Photo by Dusdin Condren
It’s late summer of 2014, and Robert Ellis is performing a solo show at Club Helsinki, a somewhat posh dinner theater in Hudson, New York. People are seated at candlelit tables. Ellis is onstage alone, dressed unassumingly in an oversized white T-shirt and old sneakers. He’s been living in Brooklyn’s Greenpoint neighborhood, and admits to the crowd he’d tied one on the night before. Ellis takes off his guitar, and sits at a keyboard. He’s been touring his latest album—the fabulous, genre busting The Lights From the Chemical Plant—since its February release, and wants to drop a new one on the crowd.
He begins plinking the keys, then playing full, meaty chords. He sings, “It was a long way to go, from Louisiana to Laredo…”
The song is “California,” and even at Helsinki where it’s just skin and bones, you can tell it’s a hit. An aching lament twinged with a bit of hope, the song sees a woman pack up an empty house after a messy split from a man she would’ve followed to the moon. What’s left for her in “this ghost town”? She begins to daydream.
“Maybe I’ll move to California,” she thinks, “with the unbroken part of my heart that I have left. Maybe I’ll learn to love again some day. I’m not going to hold my breath.”
On Ellis’s new, self-titled album (out June 3 on New West), “California”—which Noisey is premiering below—is fully flushed out. There’s a gorgeous string arrangement draped over the skeleton Ellis laid out at Helsinki, and steadily plucked notes drenched in reverb from his longtime guitarist Kelly “The Tele” Doyle. Ellis’s quavering vocals soar above it. It’s a show-stopper, which shouldn’t be surprising considering this songwriter has been critically-approved and hailed as one of the next Texas greats. Narrative songwriting is something he’s mastered over his last two albums: Chemical Plant and Photographs. On the former, in particular, Ellis was trying to bust out of the “Savior of Country Music” box he’d started to see himself placed in after Photographs caught on. “The media were using words like ‘troubadour,’” he says, face puckering.
“California” was inspired, in part, by Ellis’s own recent divorce, he tells me. “But it’s written from the woman’s perspective,” he says, lighting a cigarette in a riverside park a couple blocks away from Noisey HQ. “Where to go after the destruction?”
Ellis rarely writes songs straight from the pages of his own diary. (“I find it weird when people do.”) But does use events in his own life as an anchor at times, adding characters and embellishments along the way. “California” serves as an example of this.

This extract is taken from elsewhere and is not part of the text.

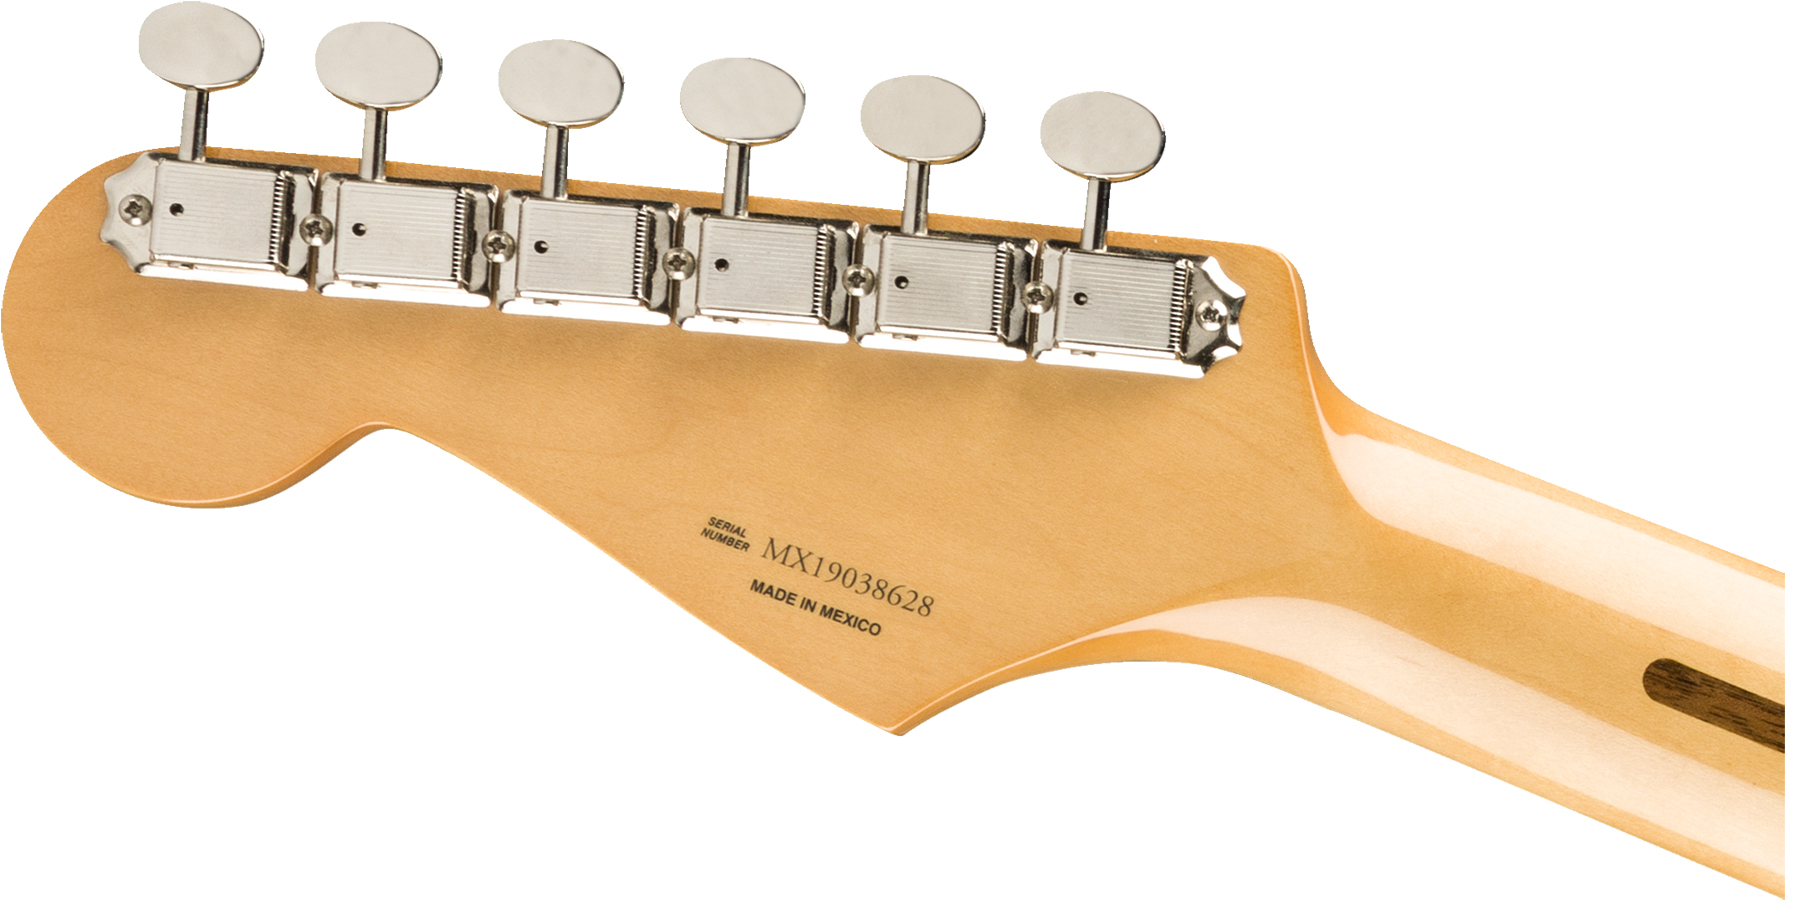 Fender Strat 50s Vintera Vintage Mex Mn - White Blonde - Str shape electric guitar - Variation 3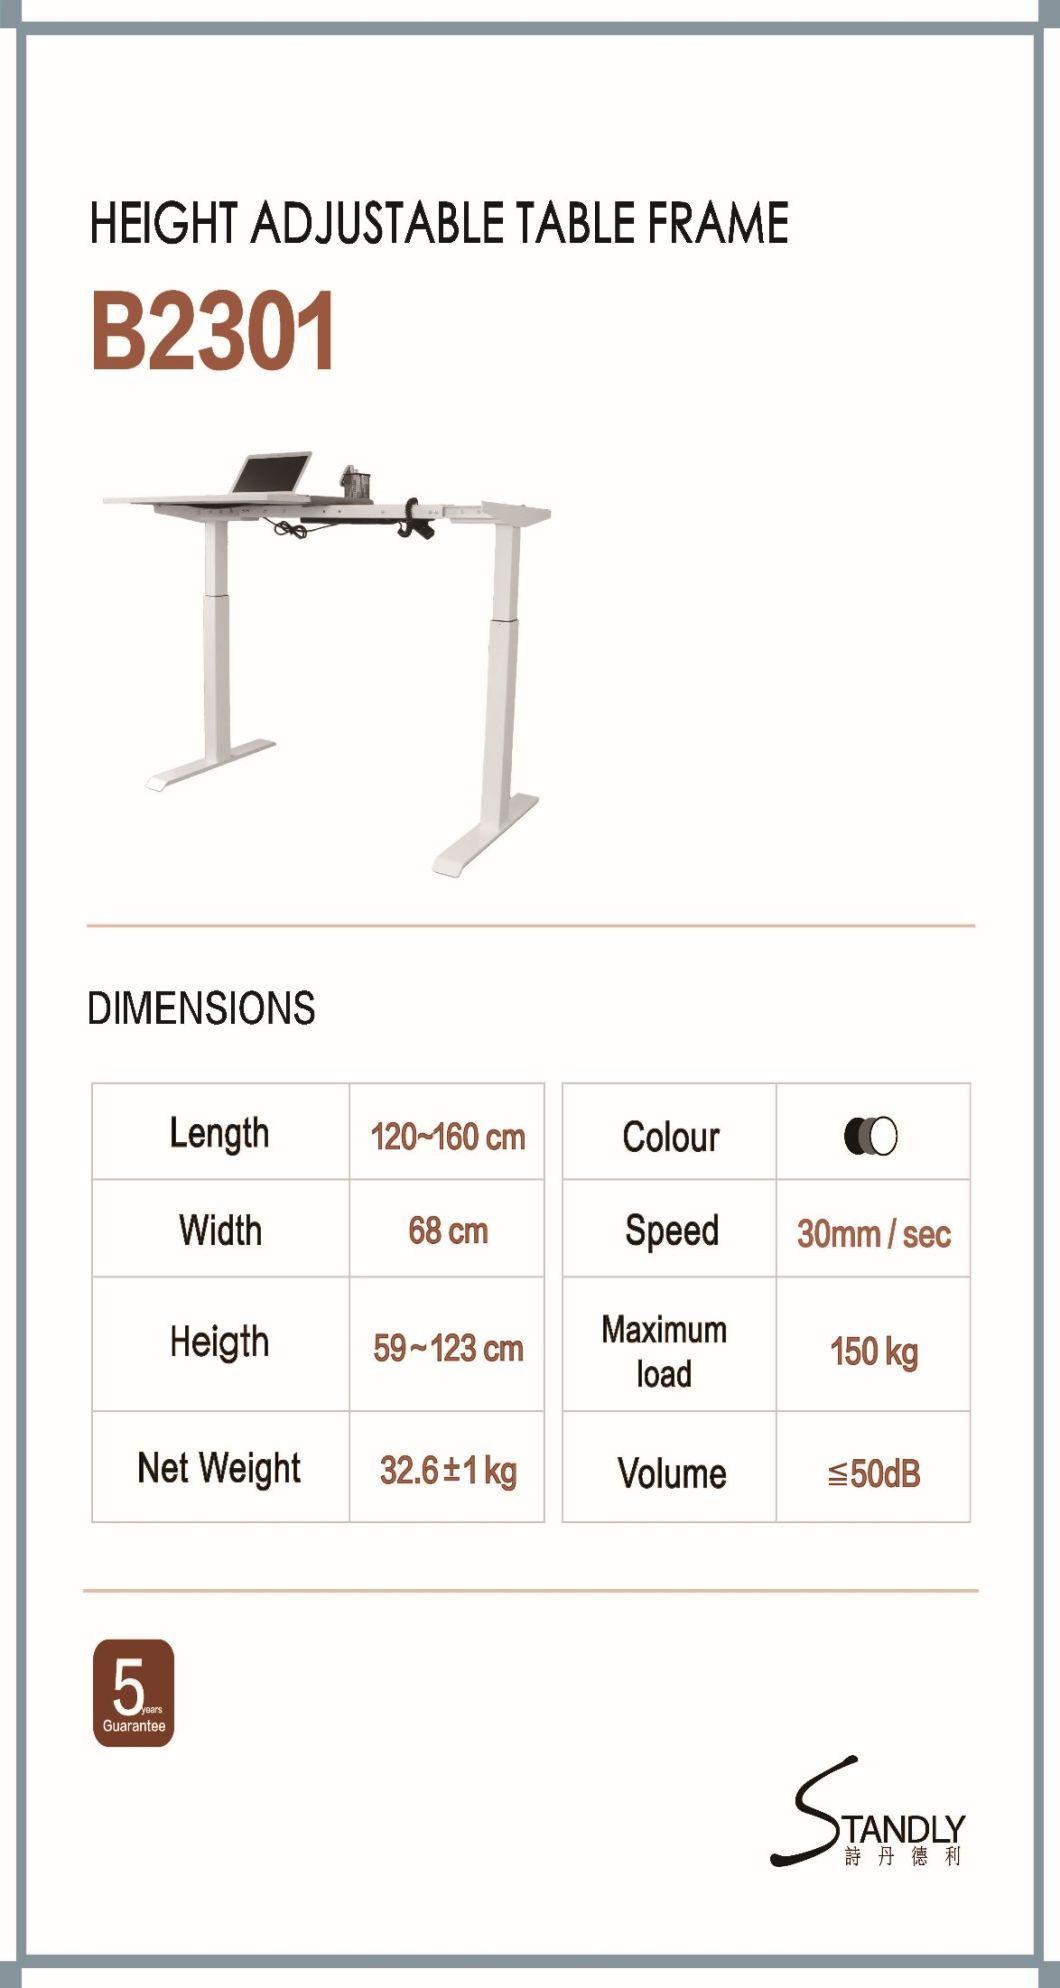 Electric Lifting Table Desk Standing Desk Intelligent Adjustable Automatic Computer Desk Rack Table Legs

“One of the great things about songwriting,” Ellis says, “is being able to step outside of a situation and analyze it. You can reflect on your own life in a God-like way. You control the action. Sometimes you can make the people in your songs do what you didn’t do. When I’m writing a song through characters, I’m connected to it, but also outside it. My life is not as interesting as a novel. And that’s what songs can be. They’re stories.”
Narrative songwriting, Ellis says “is kinda fucked up right now. And songwriters are to blame. Part of that is songwriter’s fault. It exists, but it’s mostly rich guys in Nashville writing about shit they don’t know anything about.”
Ellis would like to continue the charge in changing that. To break out, he turned to his songwriting heroes, guys like Paul Simon and Randy Newman, and muddied the country promises of Photographs with R&B, bossa nova, and even free jazz. Hell, a guitar breakdown near the end of “Houston” off Chemical Plant sounds positively prog—if no one had told you, you’d think you were listening to a Yes song.
Photo by Dusdin Condren
Chemical Plant deliberately obliterated the expectations placed on Ellis after Photographs. And going into his latest, he felt a freedom he hadn’t felt in a long while. “We were just like, let’s just make some songs we like. It was fun.”
He recorded the new self-titled album at famed Houston studio Sugarhill with engineer Steve Christiansen. He made it for half the budget of Chemical Plant, cutting costs by producing the thing himself and “calling in a lot of favors.”
“There’s a joy in the record,” he says. “Even in songs like 'California,' which are about sad things. In the past, my writing was more fatalistic. 'Tour Song' off the last album, for example, was just straight fucking bleak. Now I’m trying to inject a little hope. The woman in 'California' has just gone through something very tough, but now she’s thinking about all the possibilities of where her life can go. Her life has opened up.”